- _Problem requirements_: Copy out the listing that follows, exact in every word, and skip the images.

- _Given information_:
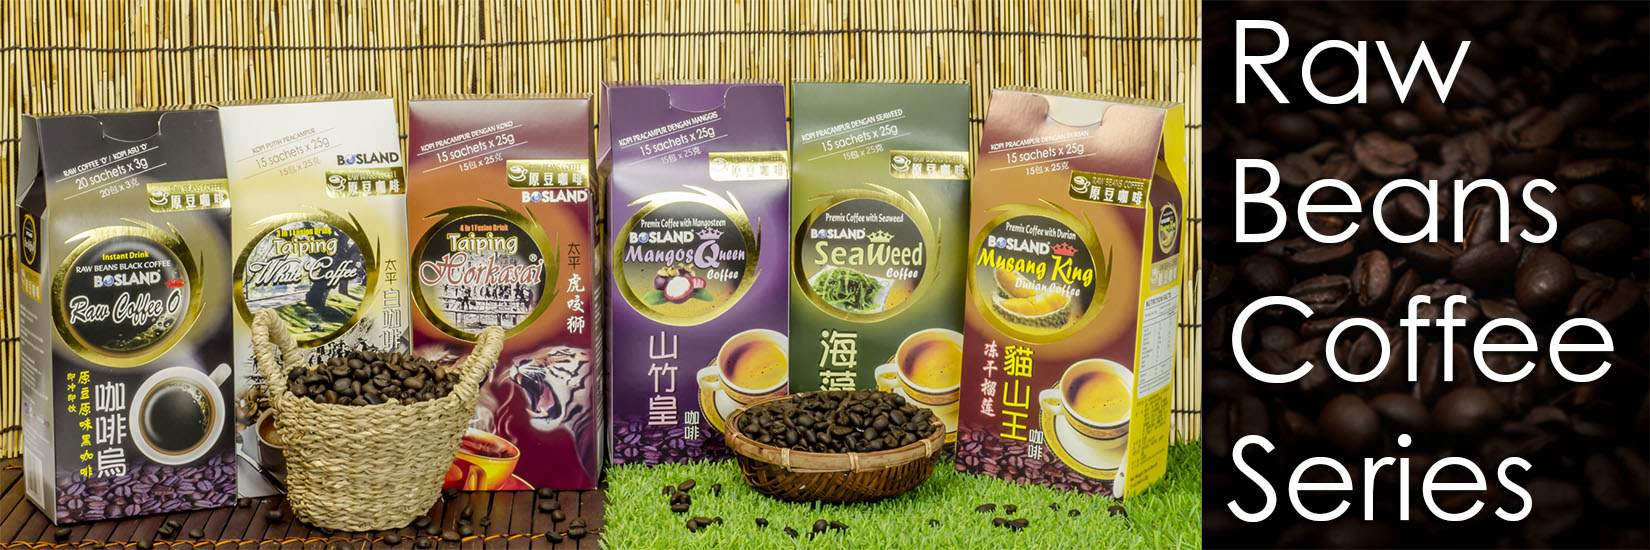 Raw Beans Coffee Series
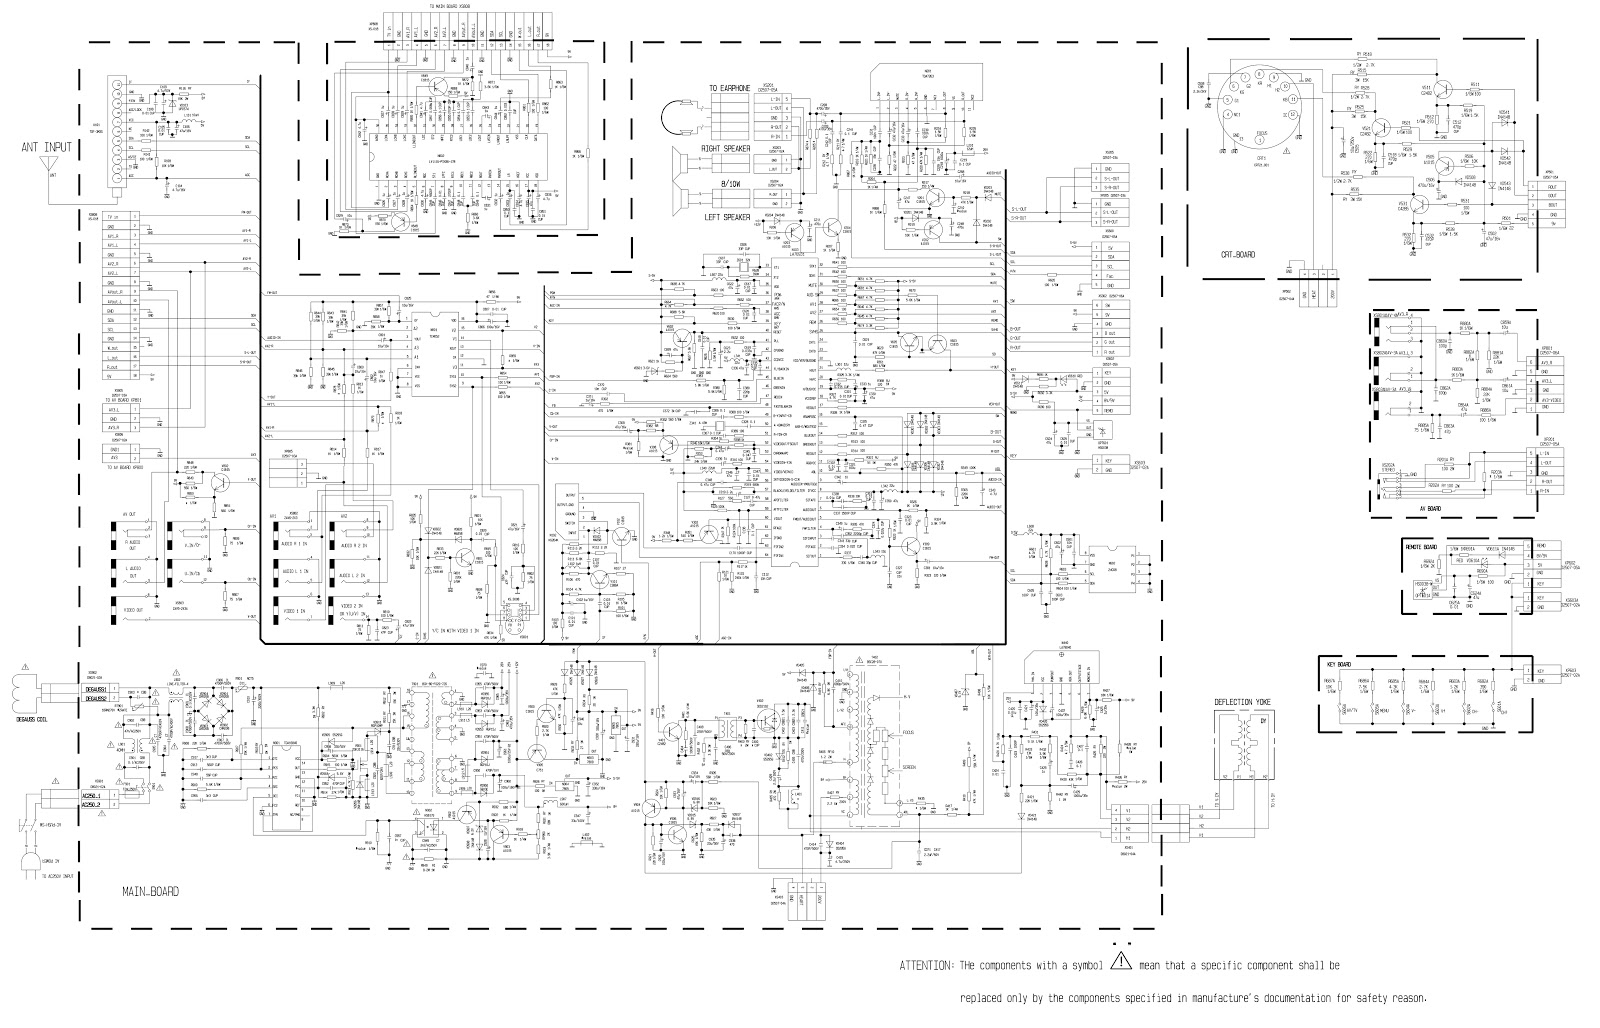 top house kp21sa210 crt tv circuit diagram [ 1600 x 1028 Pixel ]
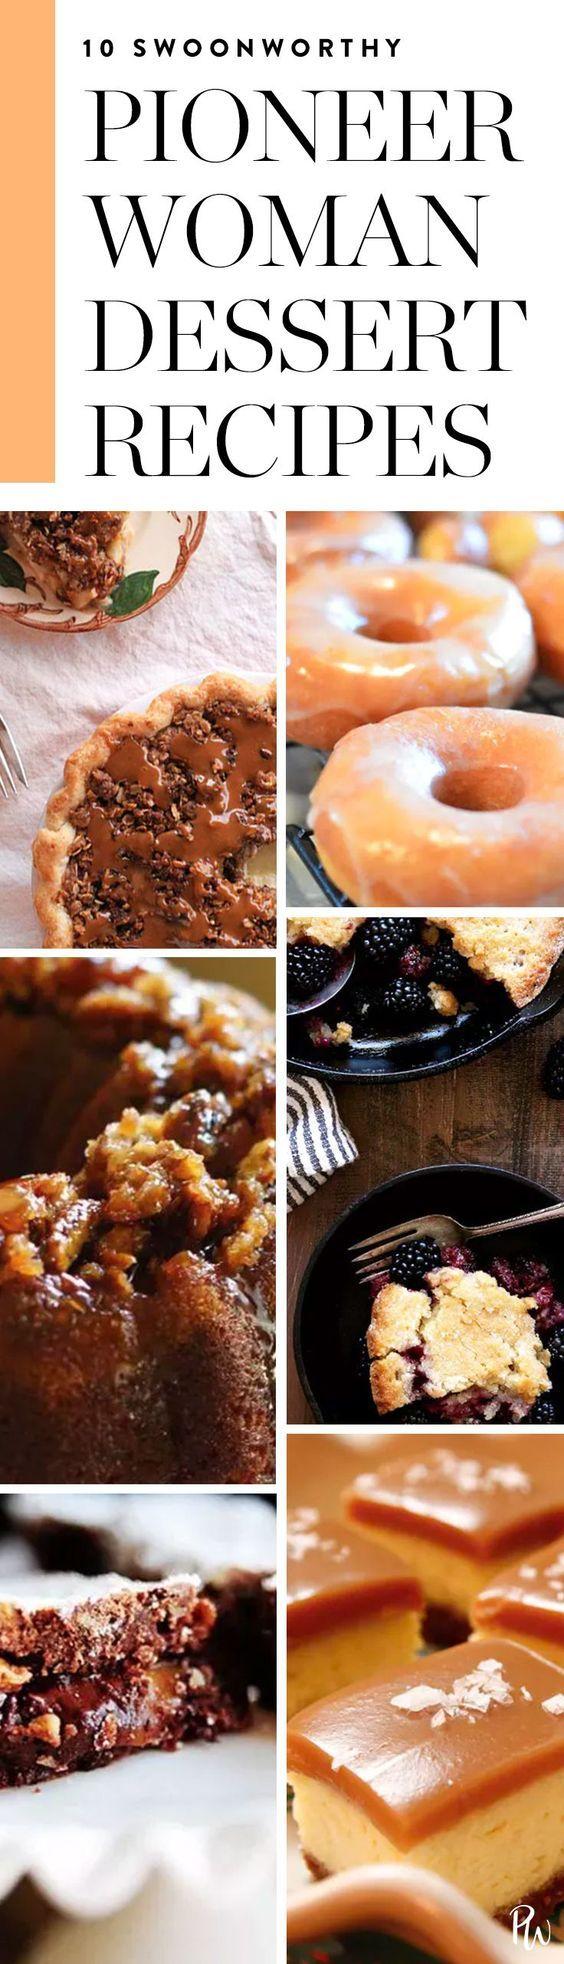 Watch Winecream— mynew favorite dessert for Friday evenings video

- _Output of the exercise_:
 Raw Beans Coffee Series
 top house kp21sa210 crt tv circuit diagram [ 1600 x 1028 Pixel ]
 Watch Winecream— mynew favorite dessert for Friday evenings video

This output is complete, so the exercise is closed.